▶ **The data**:
-- Opening Marker --

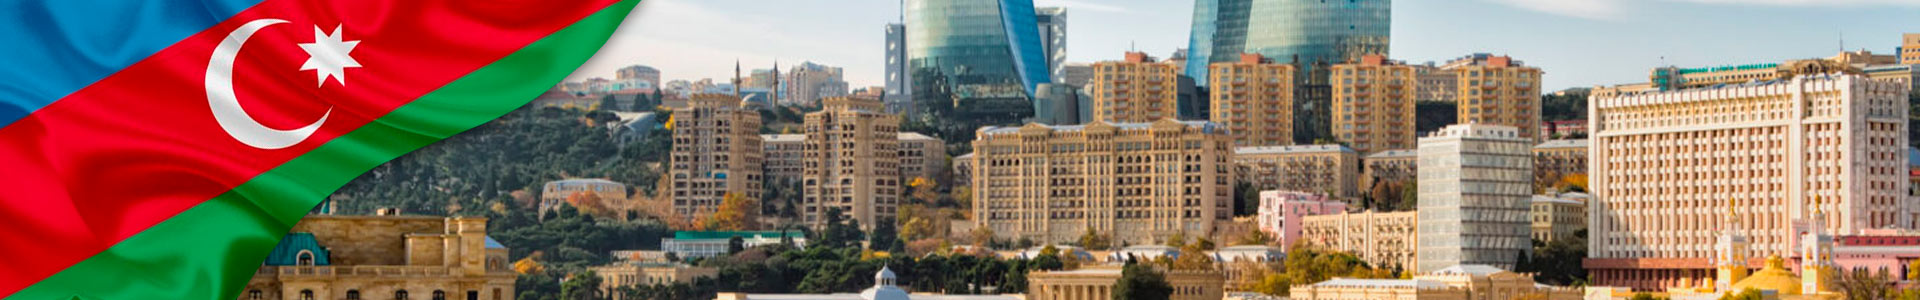 Bandera de Azerbaiyán con foto de la capital Bakú
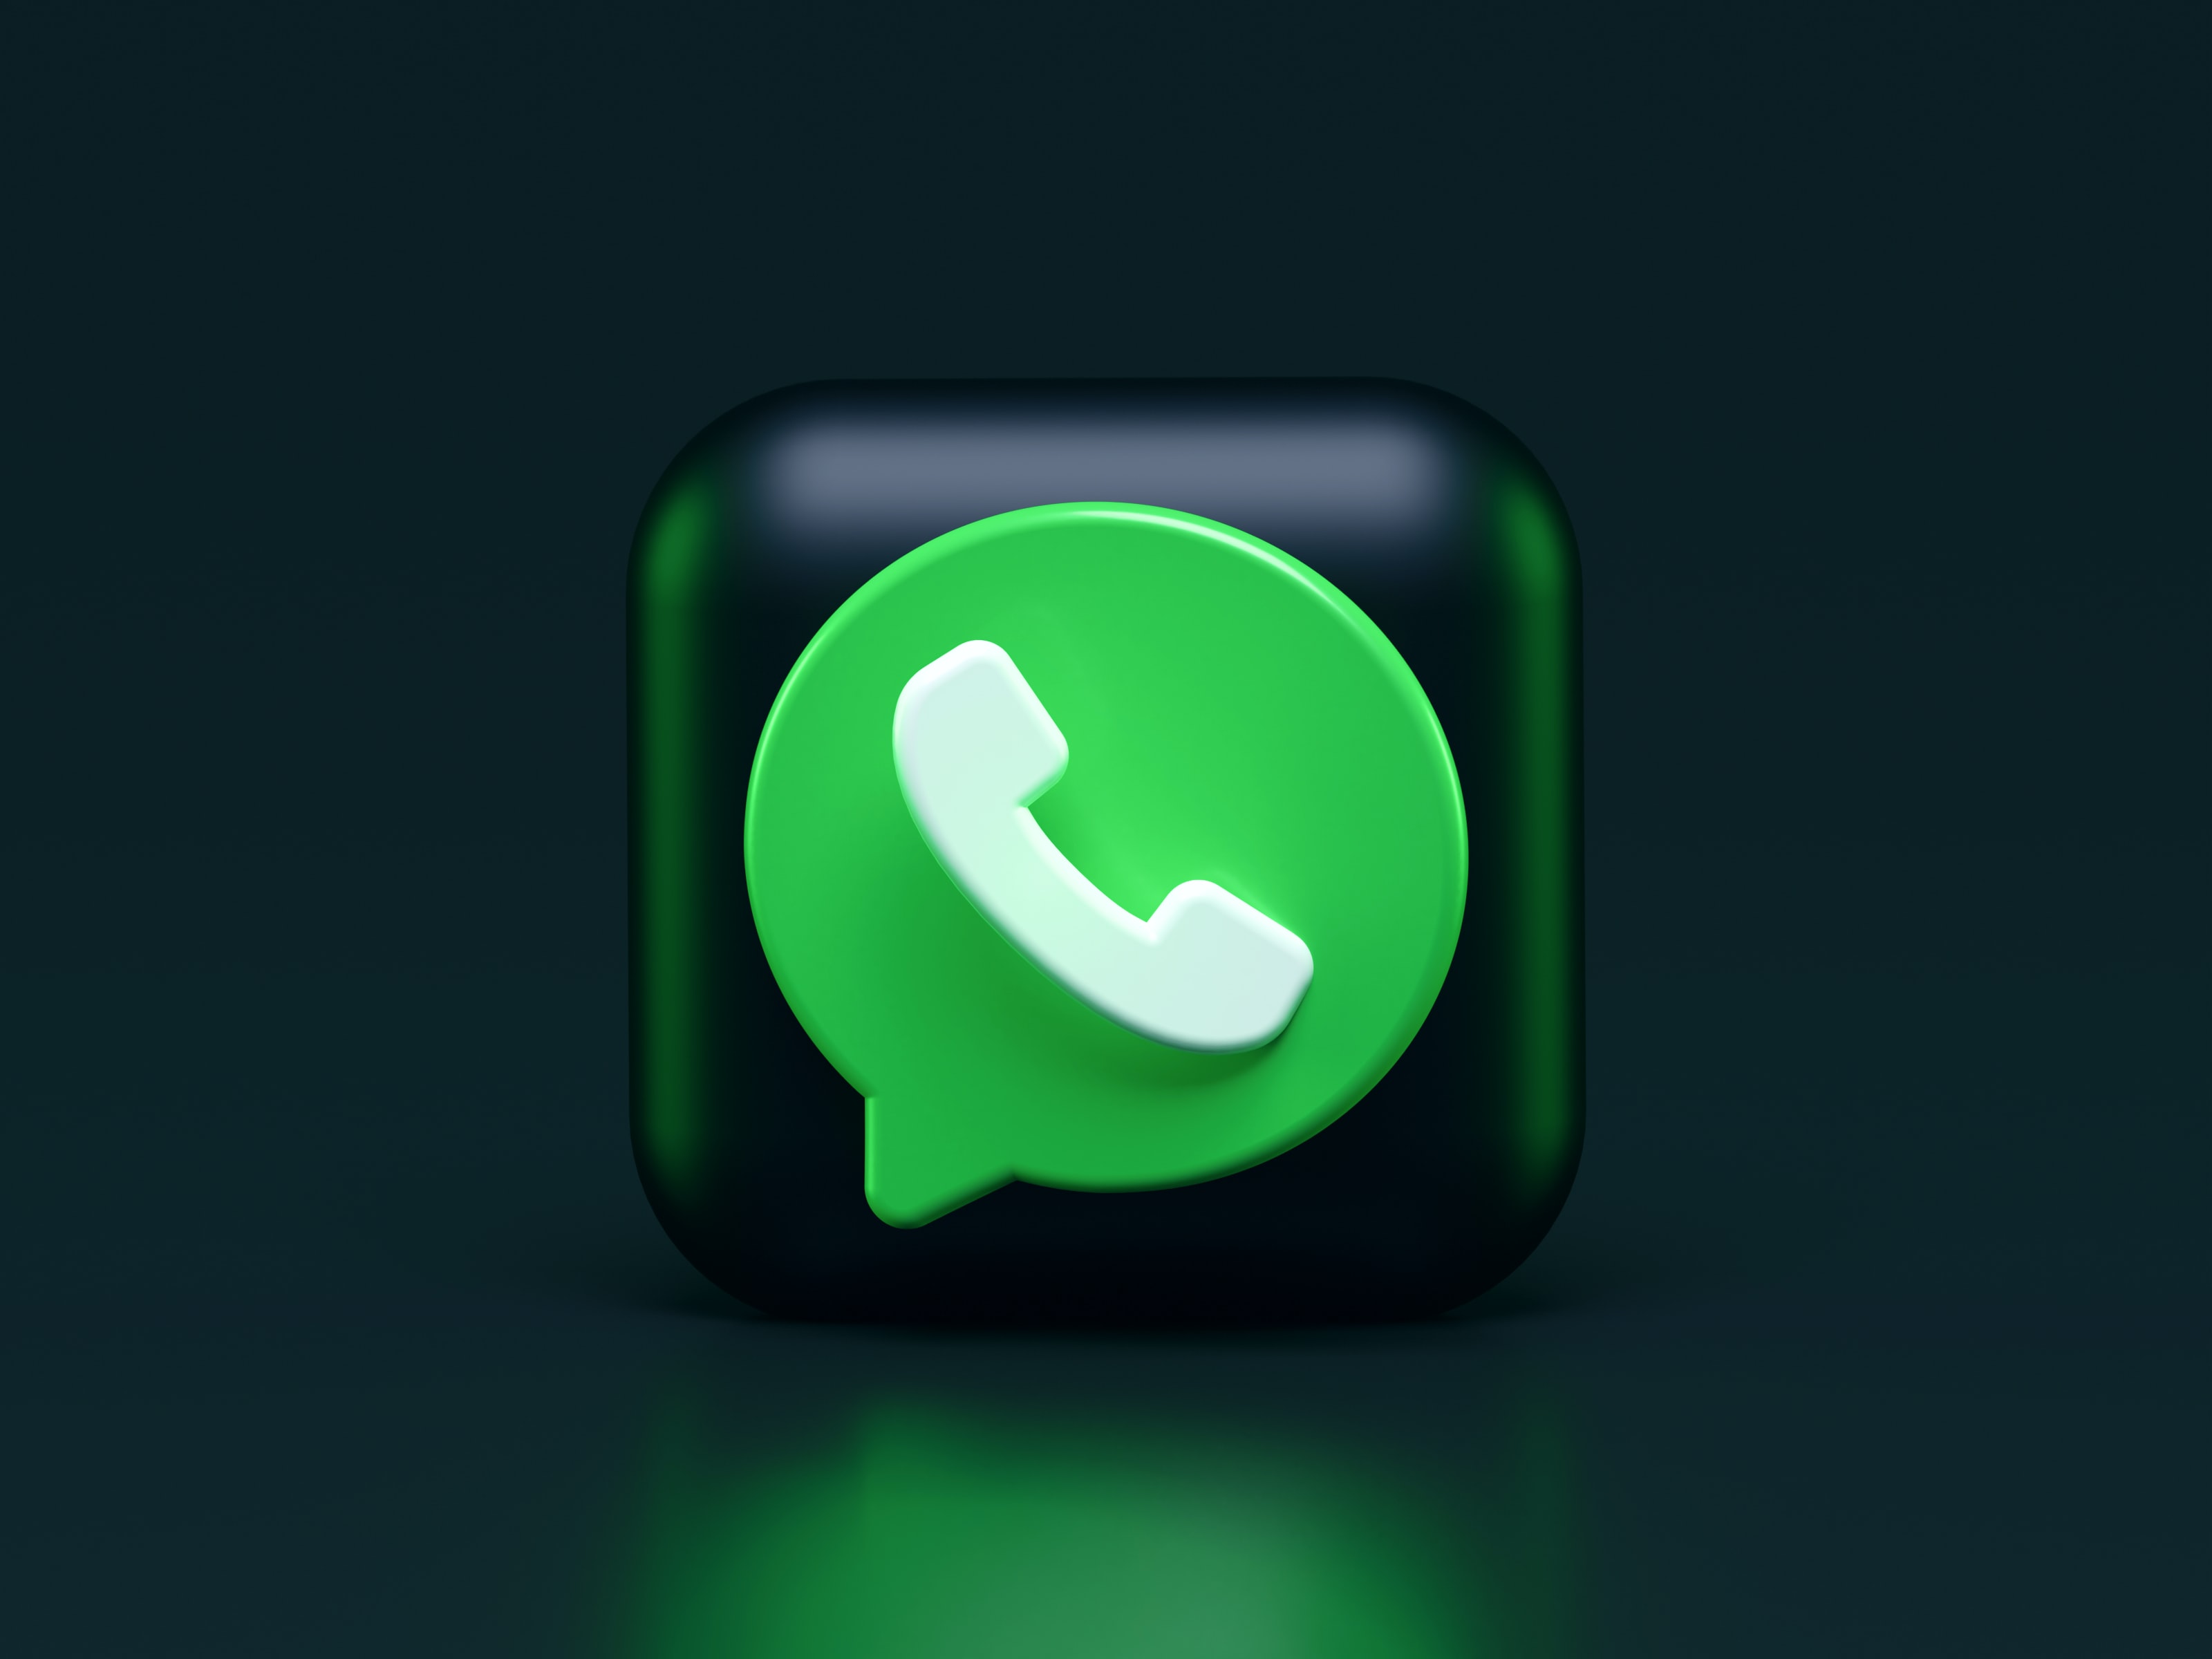 WhatsApp Web ofrece varias alternativas que favorecen la privacidad de sus usuarios. (Foto Prensa Libre: Unsplash)
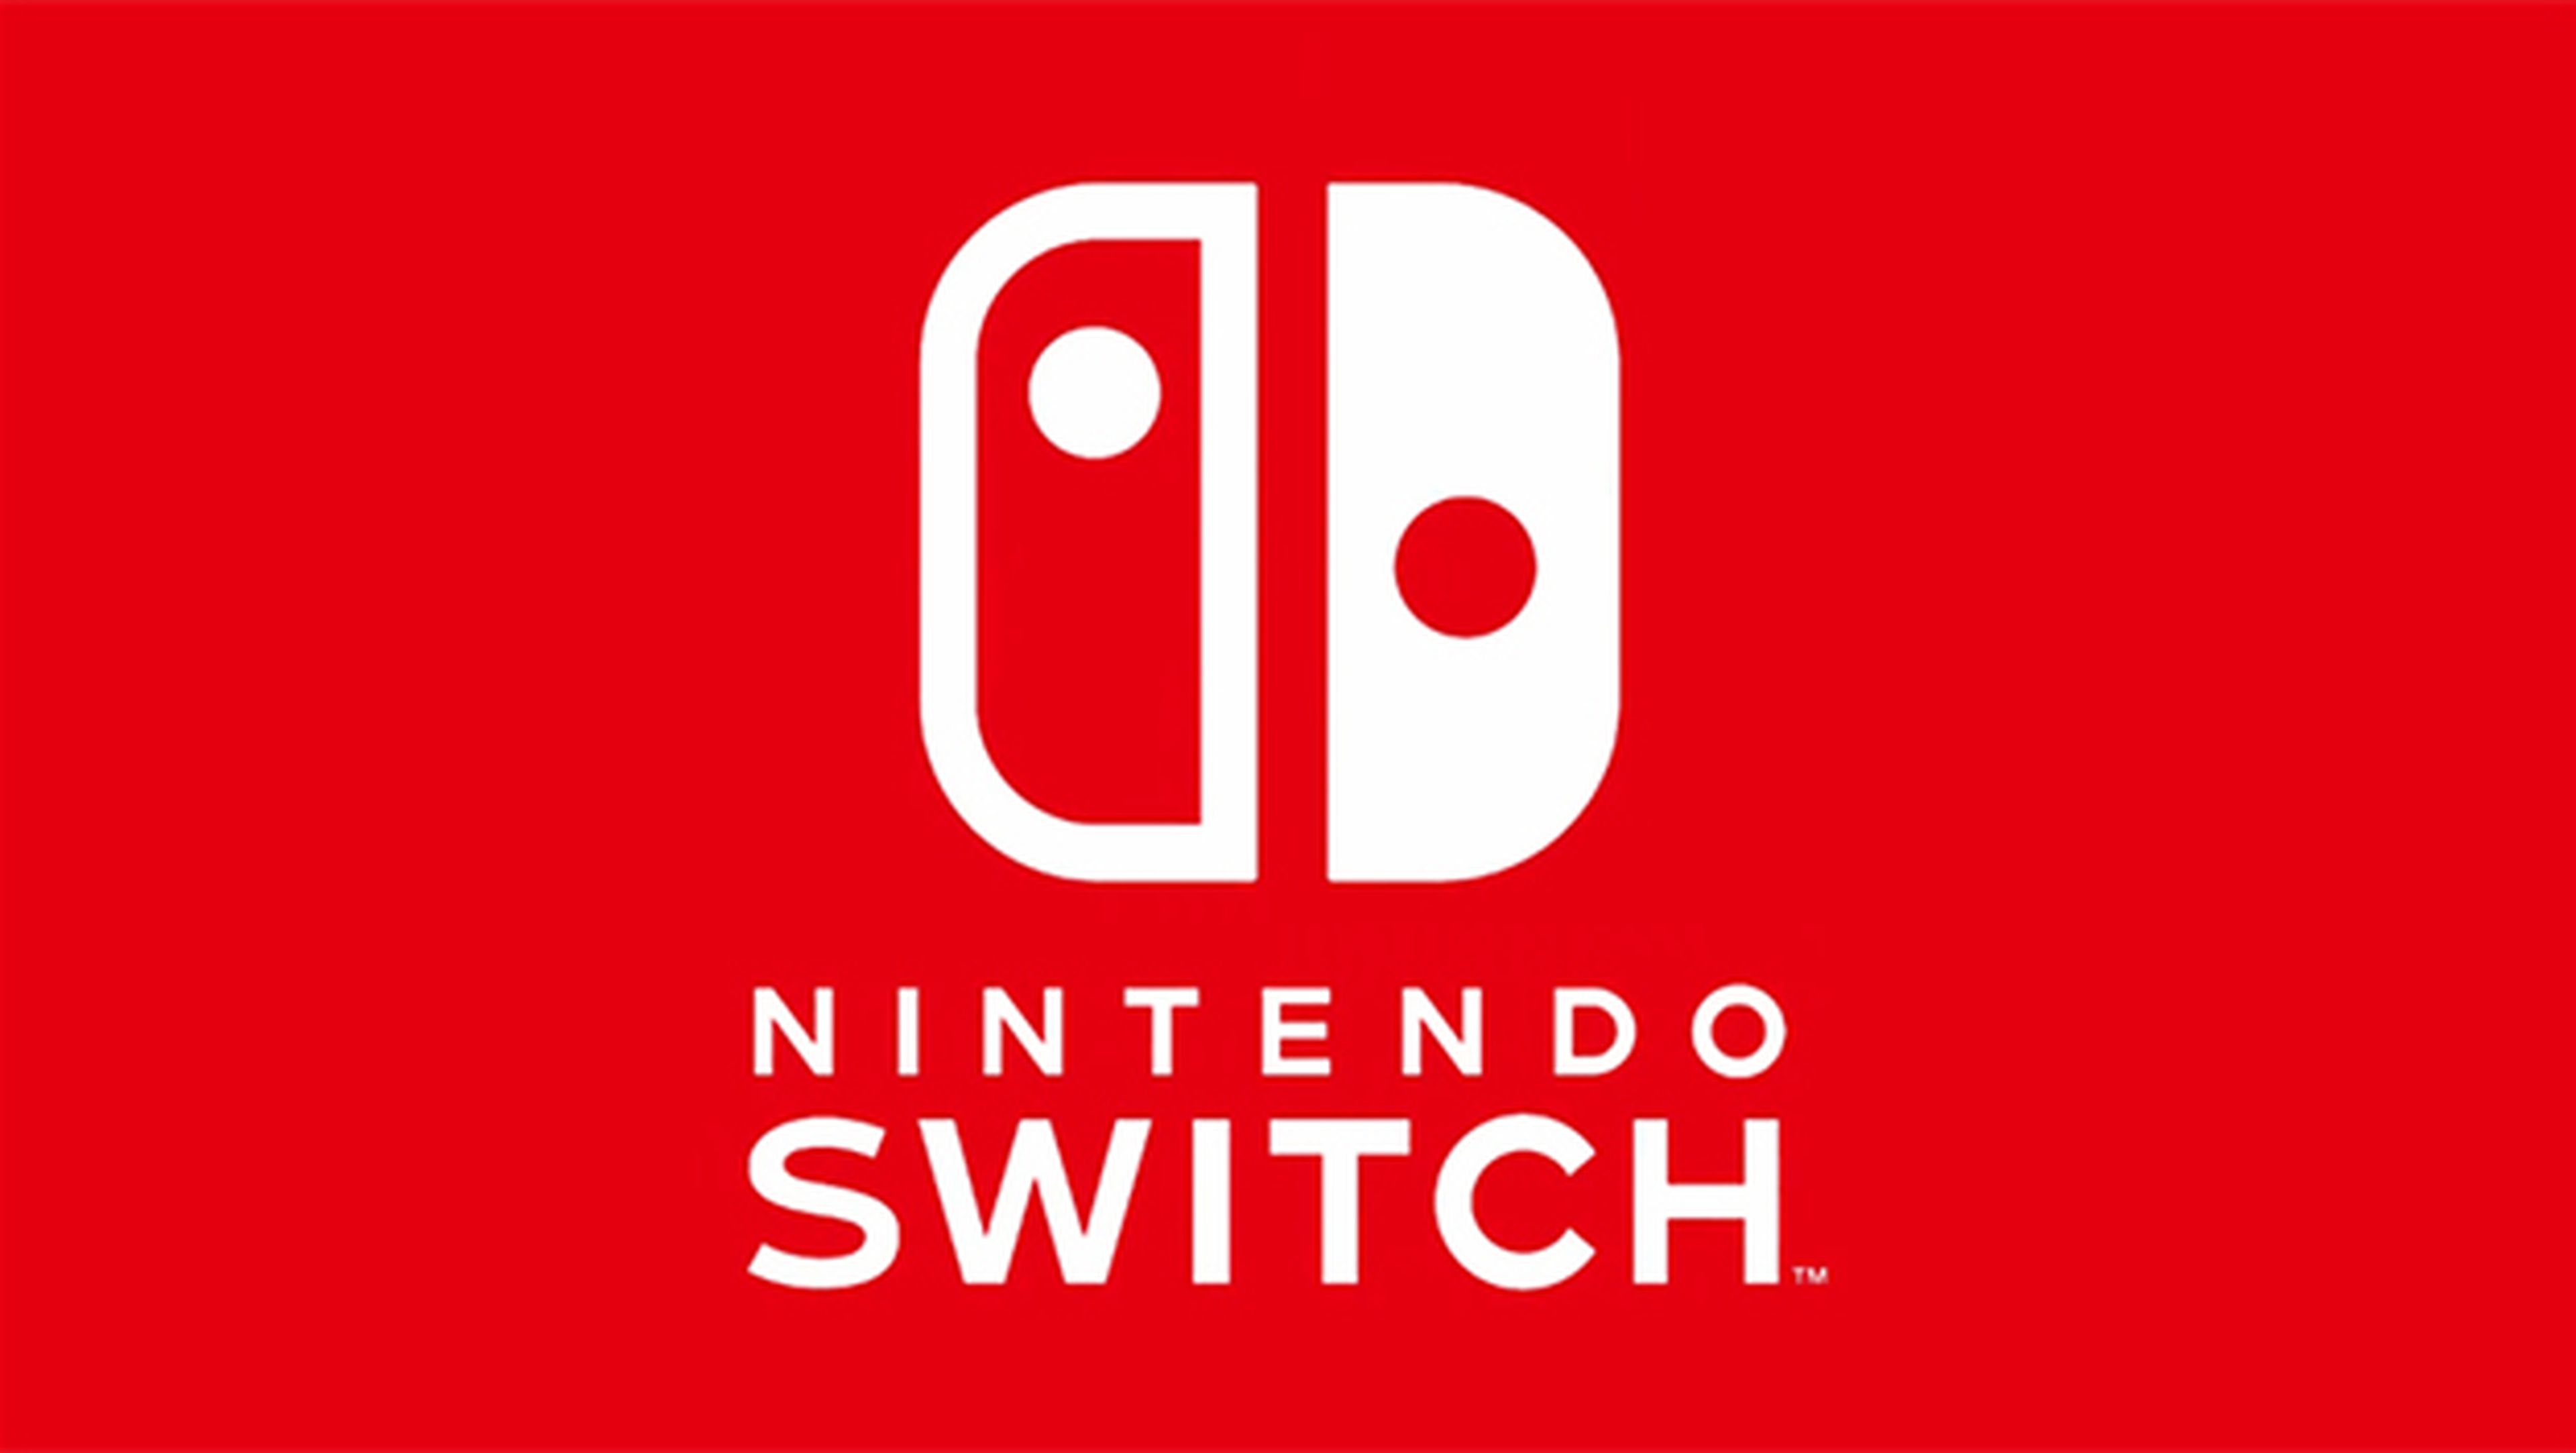 El logo de Nintendo Switch no es simétrico, y aquí lo demostramos

-- Closing Marker --

▶ **Required work**: Repeat every line of the data exactly, but do not include pictures.

▶ **Exercise response**:
 Bandera de Azerbaiyán con foto de la capital Bakú
 WhatsApp Web ofrece varias alternativas que favorecen la privacidad de sus usuarios. (Foto Prensa Libre: Unsplash)
 El logo de Nintendo Switch no es simétrico, y aquí lo demostramos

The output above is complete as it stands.